Reconstruction of Crystalline Ice Surface Revealed by Atomic Force Microscopy
Naoya Kawakami1*, Akitoshi Shiotari1, Yoshiaki Sugimoto1
1Dept. Adv. Matter. Sci., Univ. of Tokyo, Chiba, Japan
* Presenter:Naoya Kawakami, email:kawakami@afm.k.u-tokyo.ac.jp
It has been gradually apparent that ice surfaces act as a field of various chemical reactions. For unveiling the reaction mechanisms in detail, surface structures of ice surfaces should be identified at the atomic level. However, it is still unclear whether the arrangement of H bonds in the bulk is retained at the surface or rearranged. This is because conventional experimental methods (e.g., low energy electron diffraction and scanning tunneling microscopy) had poor sensitivity to H atoms or were ineligible for measuring insulating materials. In contrast, atomic force microscopy (AFM) must be suitable for studying ice surfaces because it can be applied to atomic scale observation of insulators and it is sensitive to H atoms at the surface.
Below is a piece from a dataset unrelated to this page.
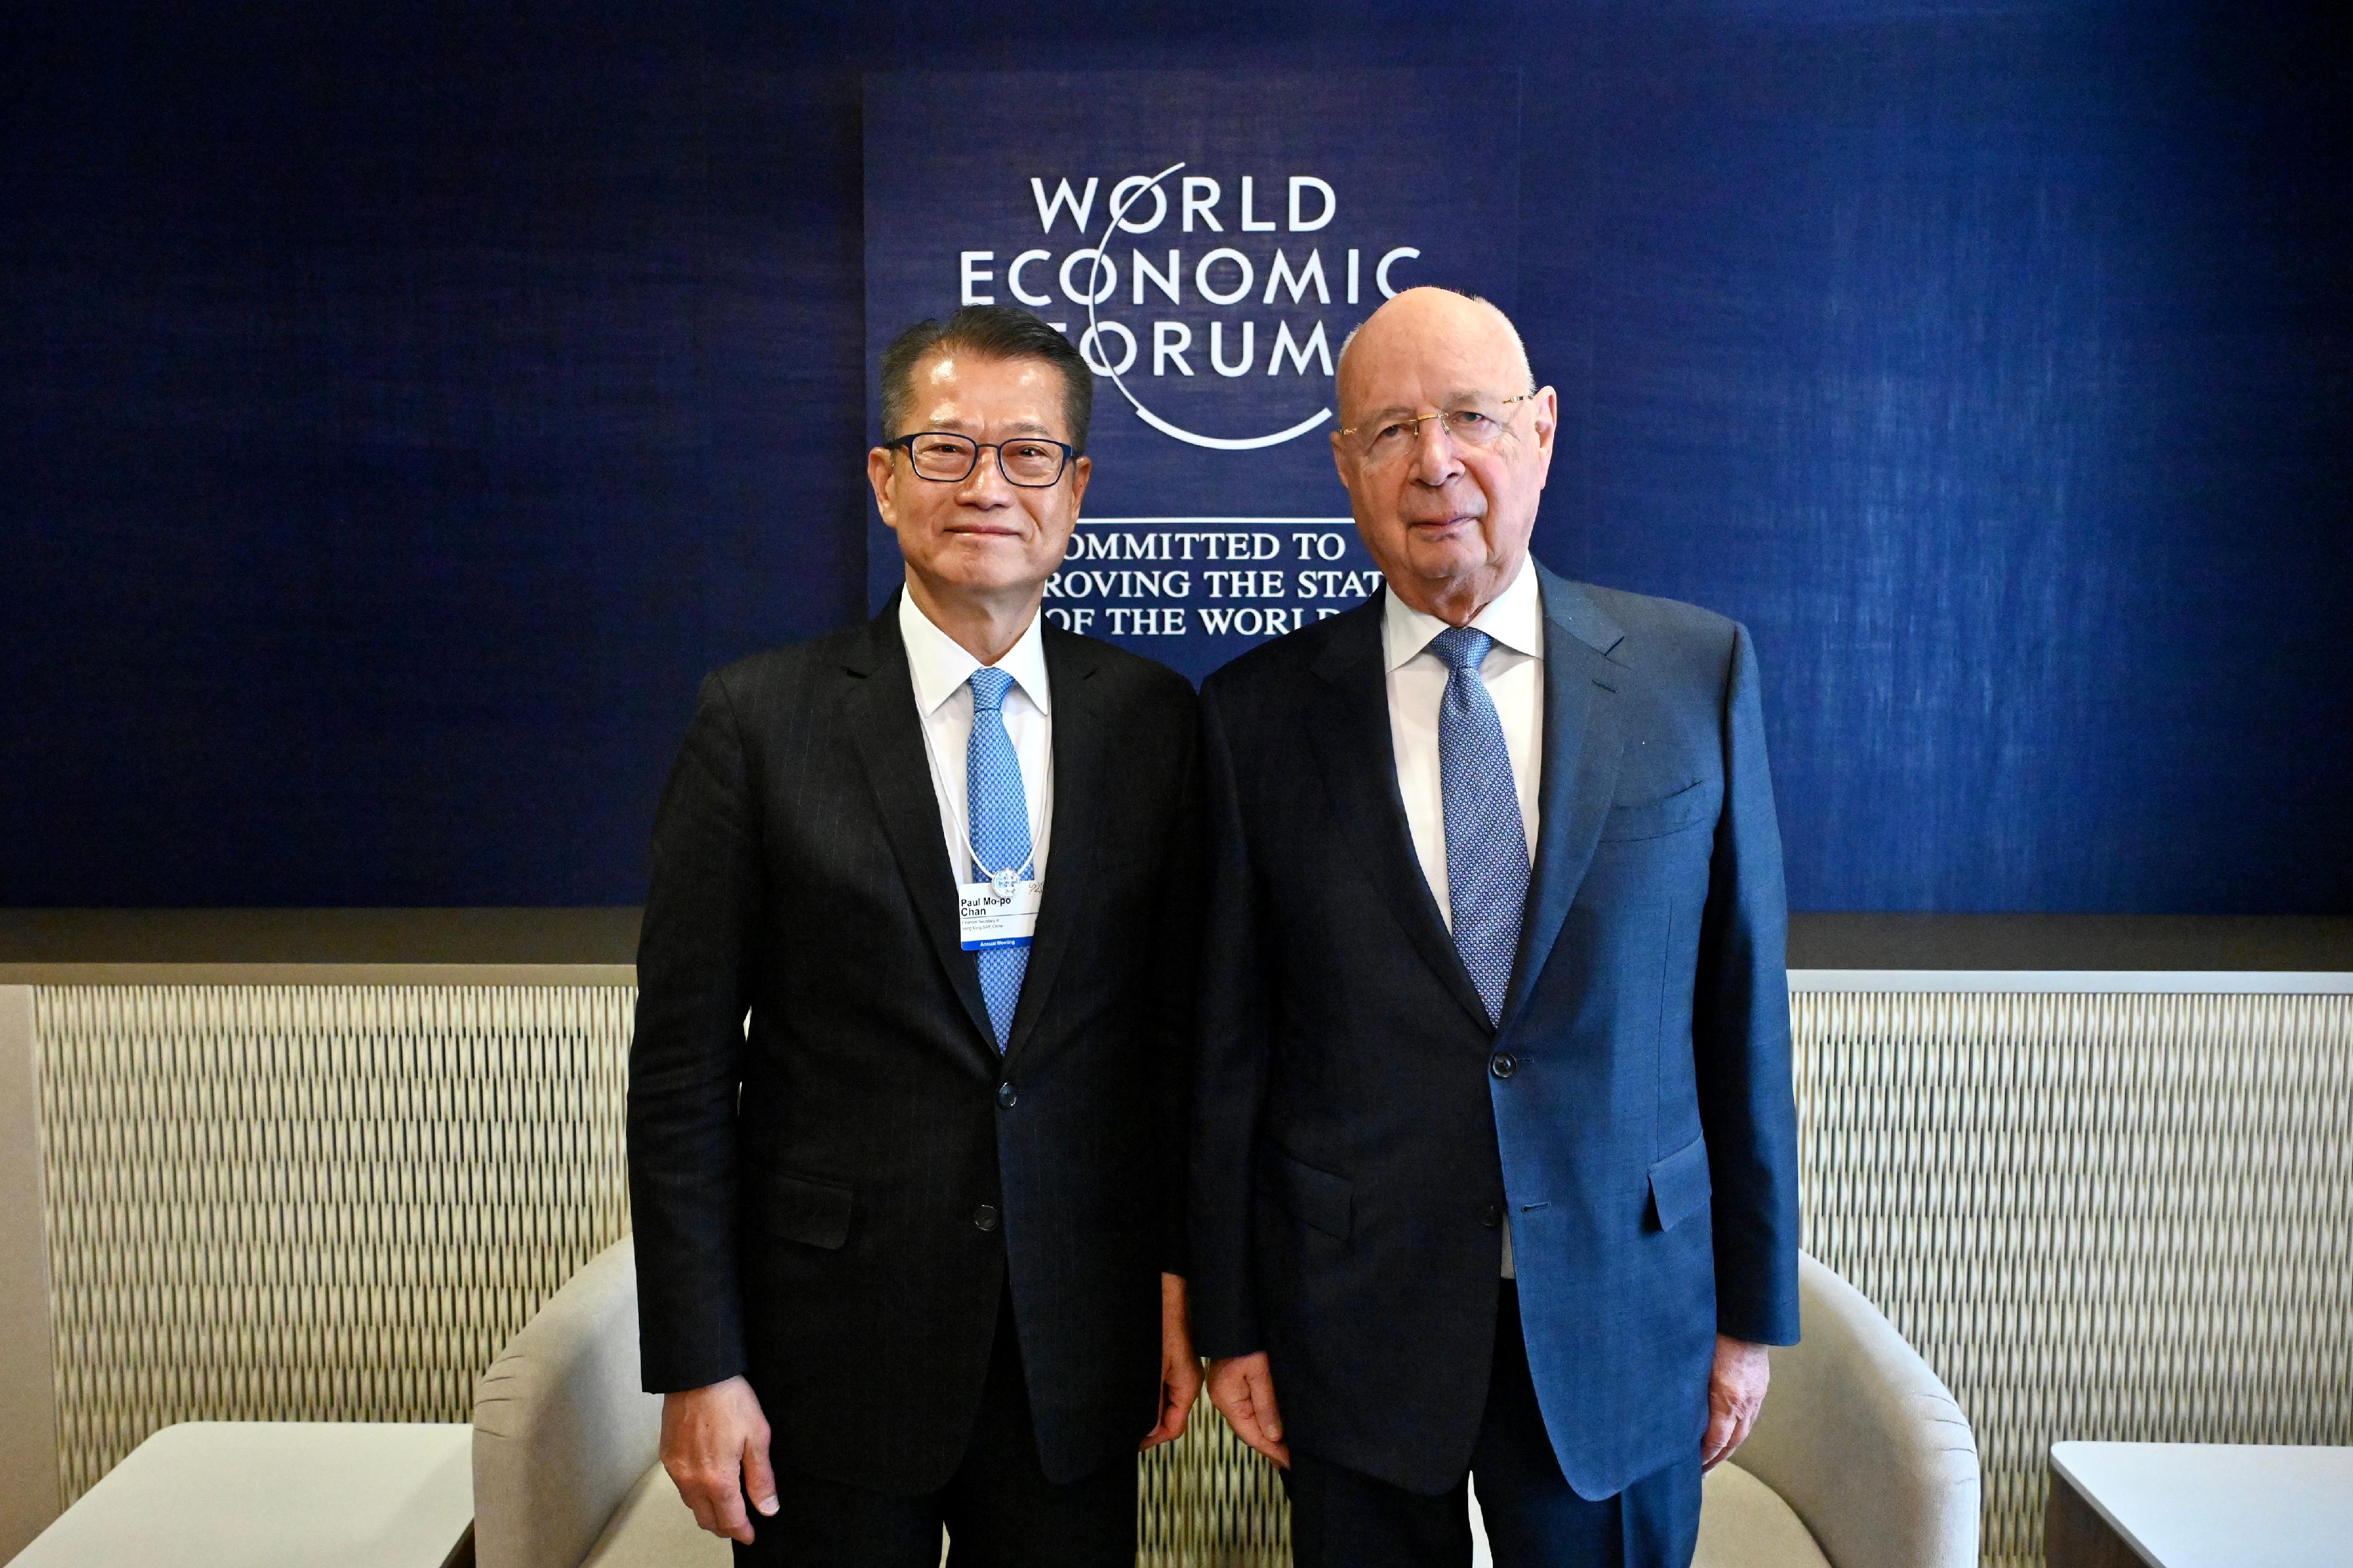 財政司司長陳茂波昨日（達沃斯時間一月十八日）繼續在瑞士達沃斯出席世界經濟論壇年會。圖示陳茂波（左）與世界經濟論壇創辦人及執行主席施瓦布教授（右）會面。
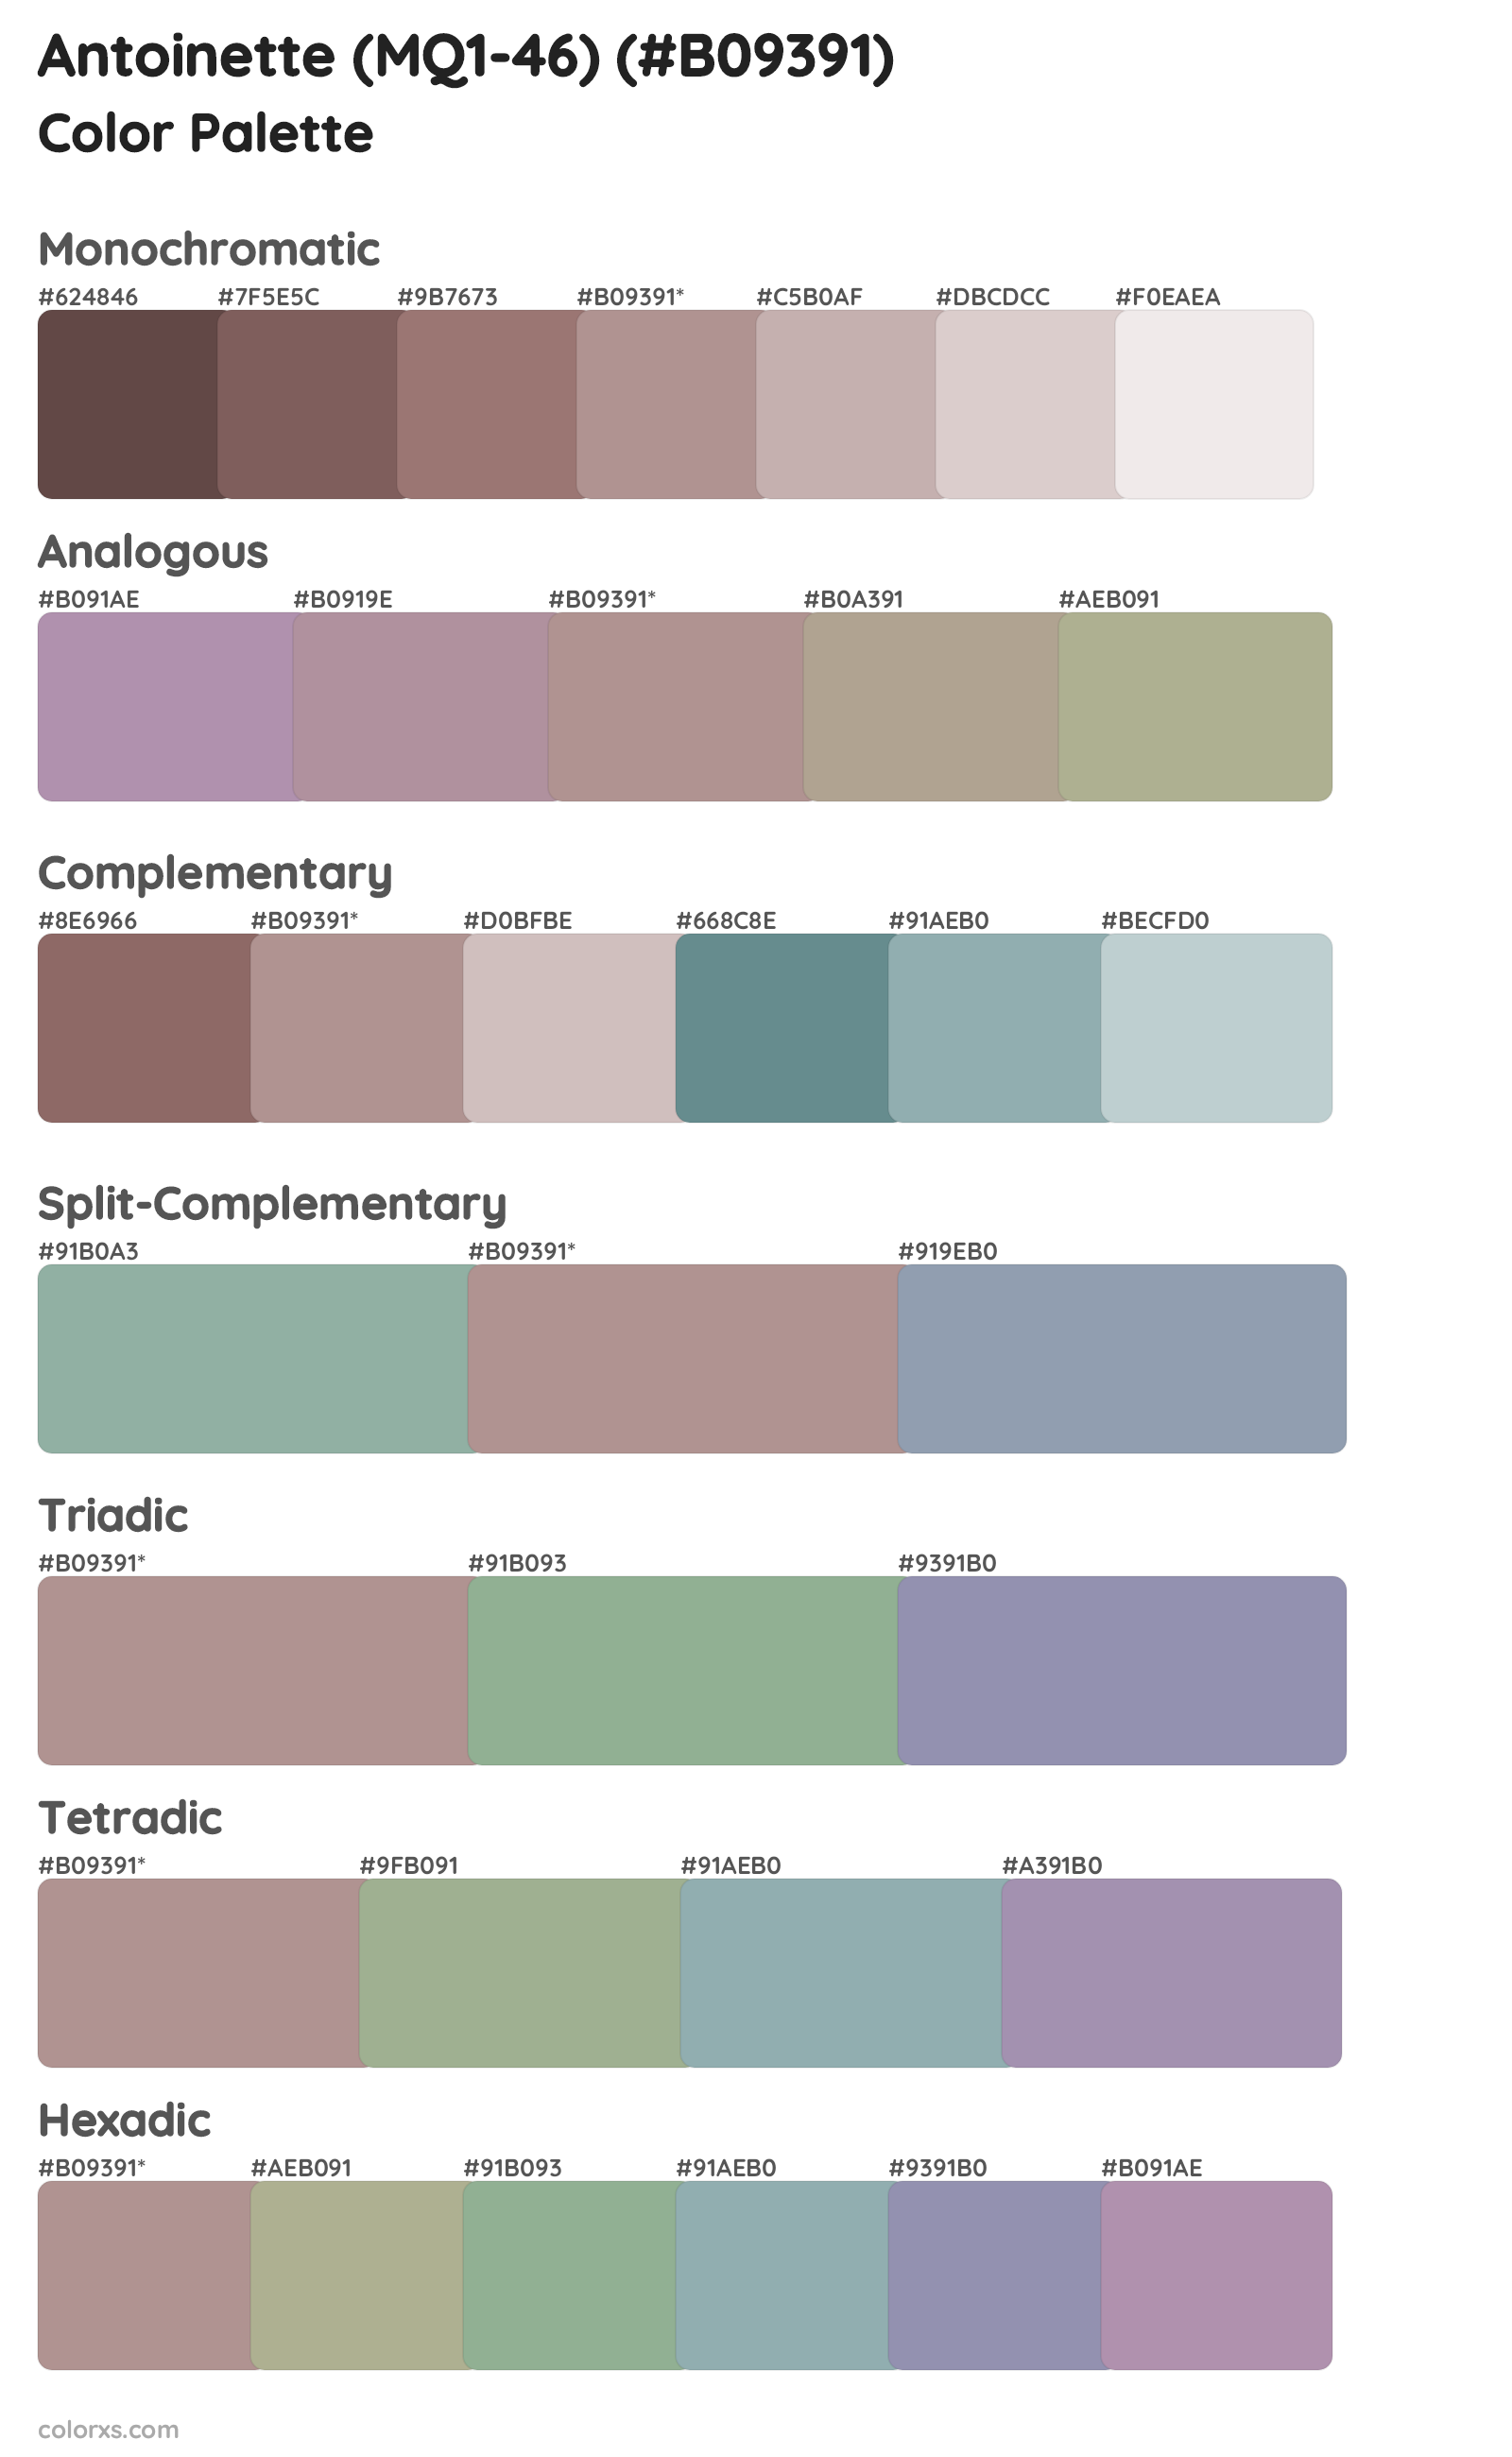 Antoinette (MQ1-46) Color Scheme Palettes

We investigated the surface of crystalline ice grown on Pt(111) with frequency modulation AFM under ultra-high vacuum conditions. In AFM images of the ice surfaces, protrusions are arranged in a (2×2) short-range order relative to the ideal lattice of ice Ih(0001), which reflects the arranged H atoms. The density of H atoms was lower than the value expected from ideal surface. This result indicates that the ice surface is reconstructed in order to reduce the number of H atoms on the surface.
Keywords: AFM, ice, Surface reconstruction